Several studies involving the administration of methylphenidate have produced results consistent with these findings. In a study combining pharmacological challenge with fMRI, Dodds et al. (2008) found that methylphenidate attenuated the BOLD signal in the ventral striatum during response switching after negative feedback but modulated activity in PFC when subjects maintained their current response set. In a study combining pharmacological challenge and molecular imaging, Clatworthy et al. (2009) administered therapeutic doses of oral methylphenidate to young healthy subjects, measuring D2/D3 receptor availability using [(11)C]-raclopride radioligand PET imaging. These authors found that performance on a reversal learning task was predicted by the drug-induced change in D2/D3 receptor availability in the caudate, such that the greatest degree of raclopride displacement was associated with the worst task performance. That is, the greatest amount of striatal DA release was associated with the least cognitive flexibility, in terms of the ability to reverse learned associations. Cools et al. (2009) found the effects of the D2 receptor agonist bromocriptine to be dependent on the baseline dopamine synthesis capacity of individuals. That is, D2 agonism improved reward-based relative to punishment-based reversal learning in subjects with low baseline dopamine synthesis capacity in the striatum, while impairing it in subjects with high baseline dopamine synthesis capacity.

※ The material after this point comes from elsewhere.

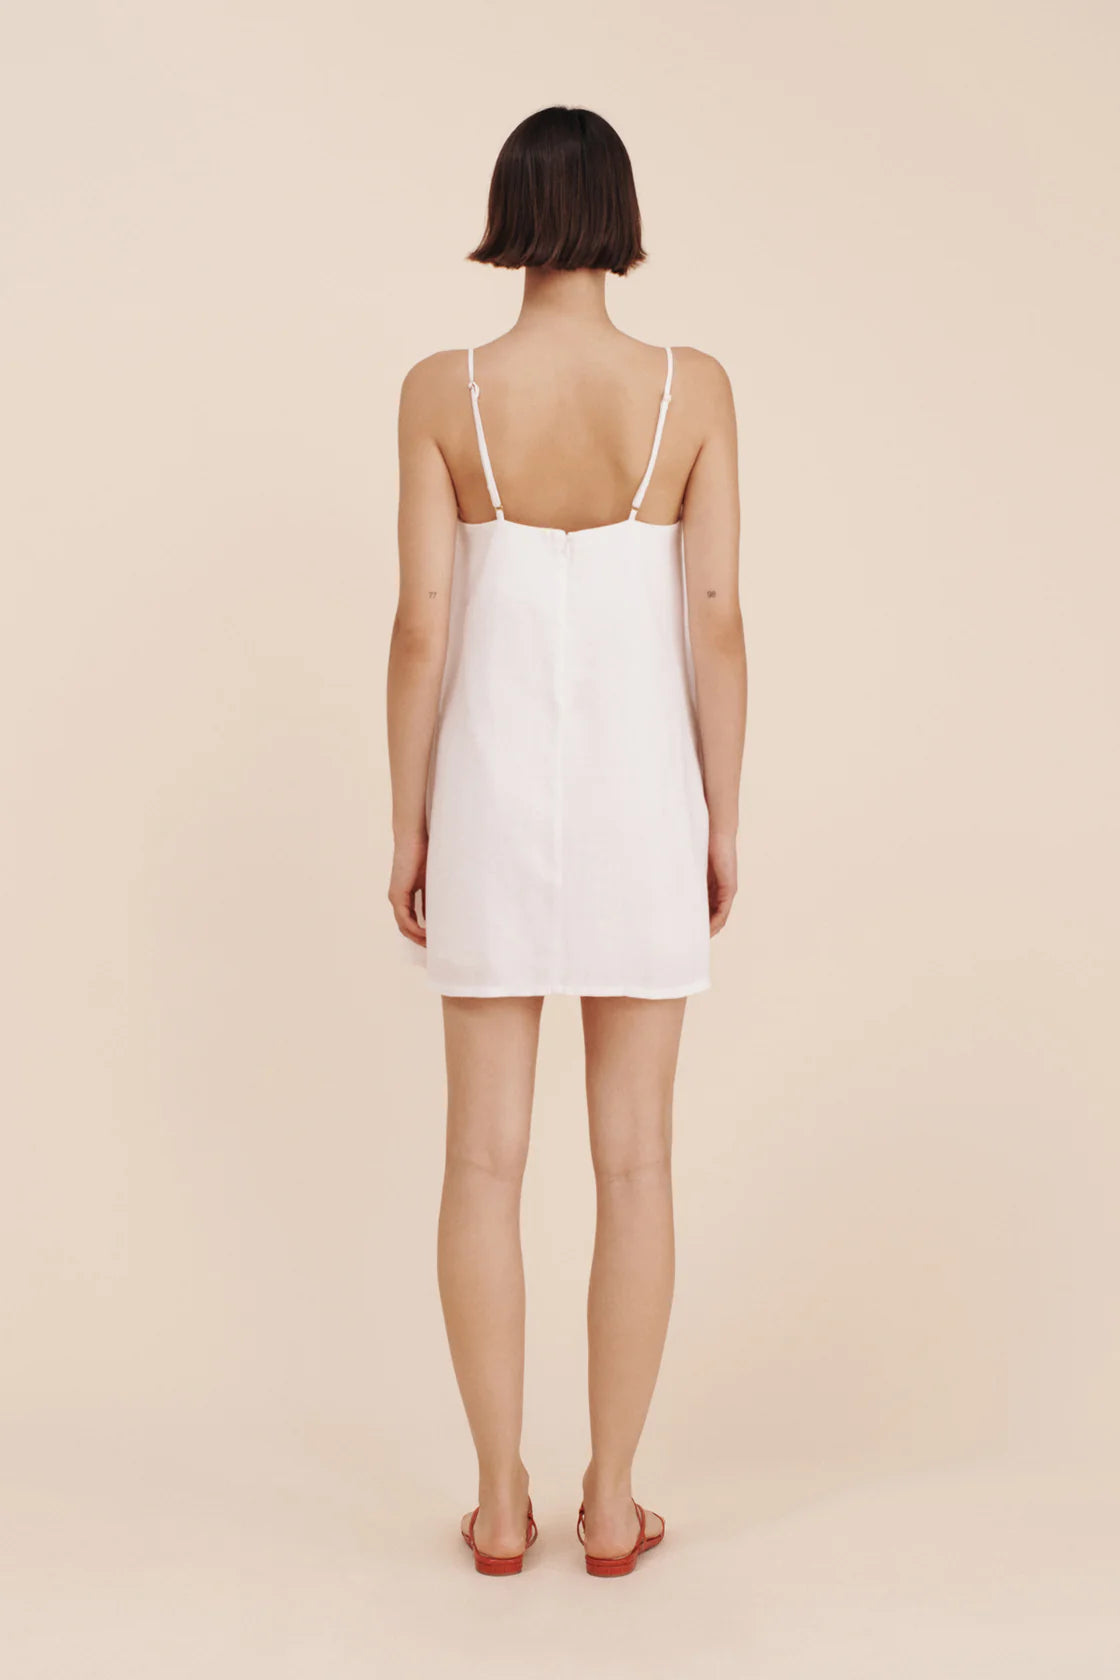 Maggie Dress in Ivory

Of note, studies involving either dopamine-precursor depletion or DA-receptor blockade have been shown to either disrupt reward processing or improve punishment processing, or both, in the context of RL tasks. For example, Janssen et al. (2015) investigated the effects of the dopamine D2-receptor antagonist sulpiride on reward- and punishment-based reversal learning in 18 pathological gamblers and 22 healthy controls. This group found that the blockade of D2 receptors with sulpiride impaired reward-driven reversal learning in controls, leaving punishment-driven reversal learning unaffected. Robinson et al. (2010b) showed that acute tyrosine and phenylalanine depletion (ATPD) significantly improved punishment processing, but not reward processing, in the context of a PRL task.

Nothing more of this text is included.